I want a cup of coffee with: - Correct volume - sometimes a shot, mostly an "Americano" - I'm British don't you know - Correct temperature - it'll go really bitter if too hot. Too cold - ... it'll be cold. - Crema - A soft top is non negotiable - Flavour - Ingredients and temperature (mostly)
The unit we have now manages bean to cup quite reasonably, without any mensuration facilities. I have made coffee for several Italians and they were quite happy with the results.
https://i.imgur.com/a5ztsco.jpeg
Imo no, this seems like something that would be in multiple scientific papers so a LLM would be able to generate the answer based on predictive text.
Impossible, since it is chaotic.
But a T(t) model should not be too hard for an LLM with a basic heat transfer book in its training set.
Of all the cooling modes identified by the author, one will dominate. And it is almost certainly going to have an exponential relationship with time.
Once this mode decays below the next fastest will this new fastest mode will dominate.

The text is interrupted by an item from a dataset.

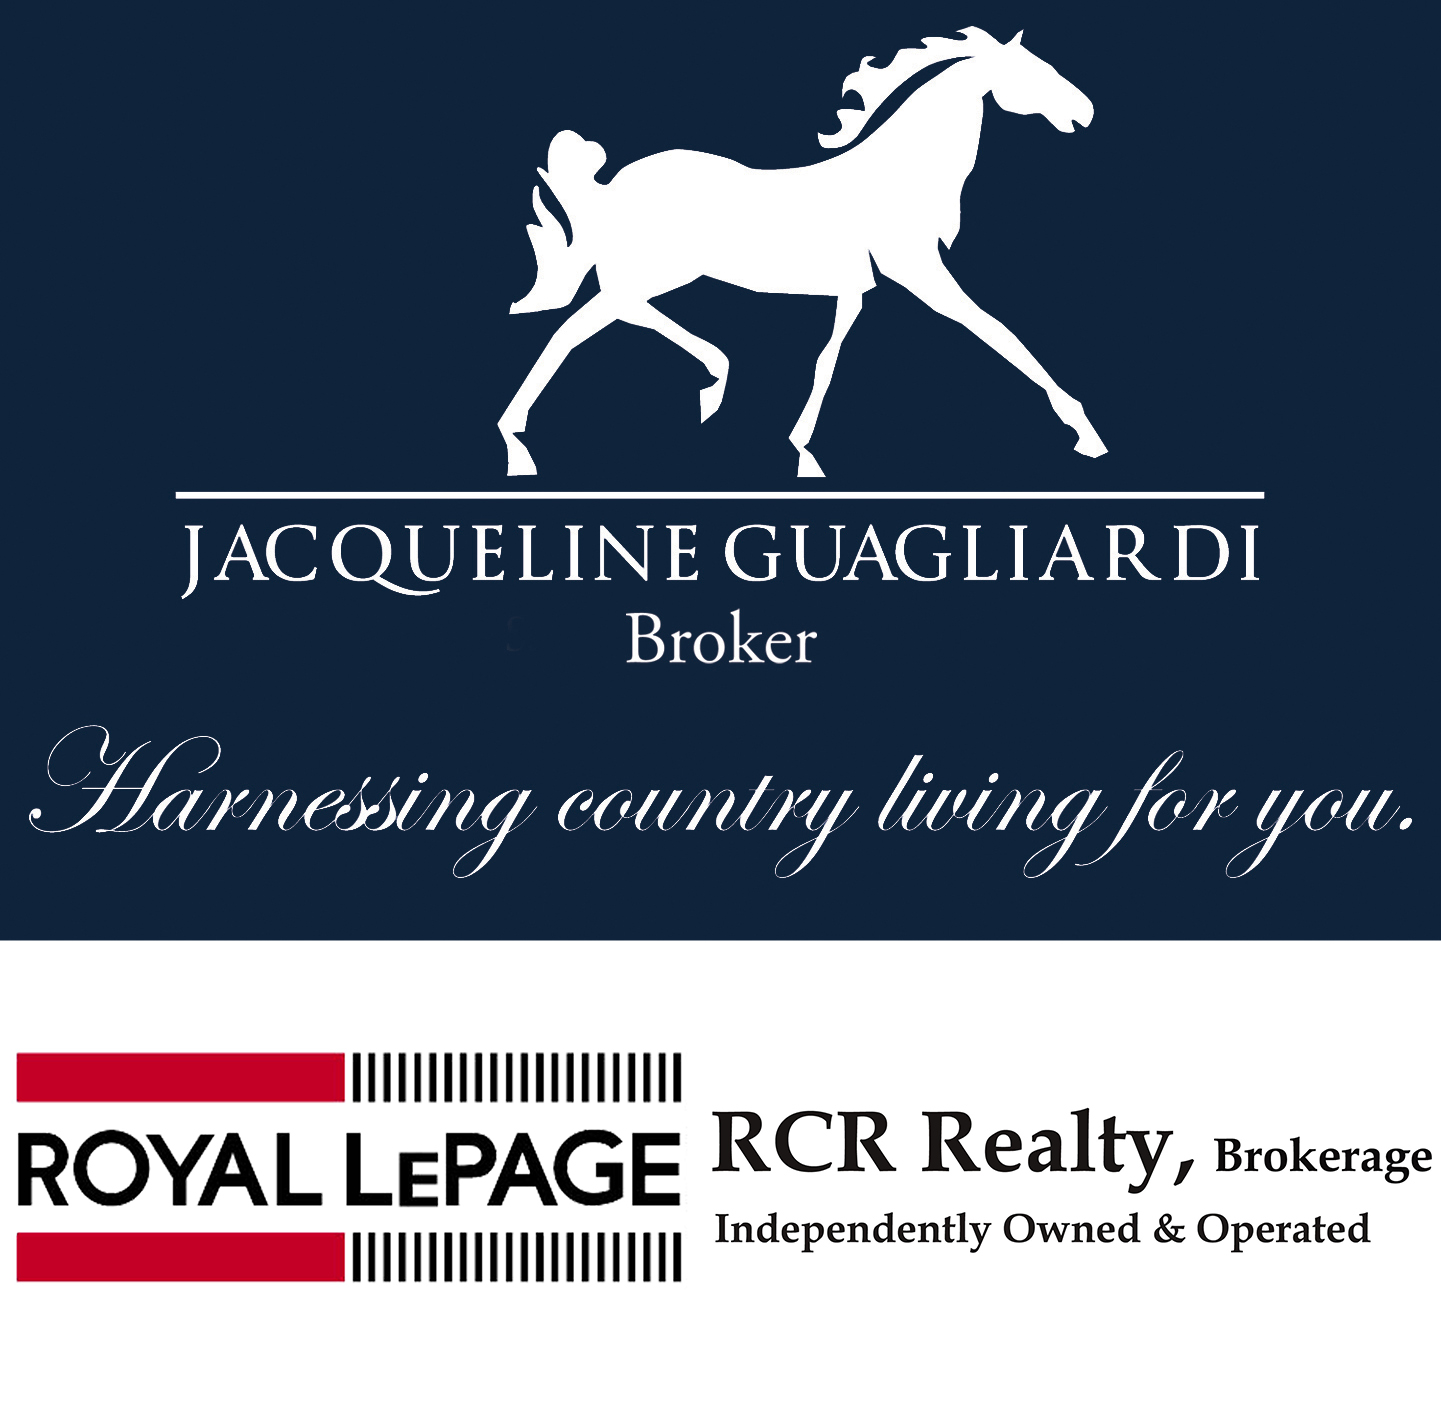 Royal LePage RCR Realty, Brokerage

All the LLM has to do, then, is give a reasonable estimate for the Q for:
$T = To exp(-Qt)$
This is not too hard to fit if your training set has the internet within itself.
I would have been more interested to see the equations than the plots, but I would have been most interested to see the plots in log space. There, each cooling mode is a straight line.
The data collected, btw, appears to have at least two exponential modes within it.
[The author did not list the temperature dependance of heat capacity, which for pure water is fairly constant]
This is like someone with no background in physics or engineering wondering "can a LLM predict the trajectory of my golf ball". They then pontificate about how absolutely complex all of the interacting phenomenon must be! What if there was wind? I didn't tell it what elevation I was at! How could it know the air density!? What if the golf ball wasn't a perfect sphere!!? O M G
And then being amazed when it gets the generic shape of a ballistic curve subject to air resistance.
This speaks far more to the ignorance of the author than something mind boggling about the LLM.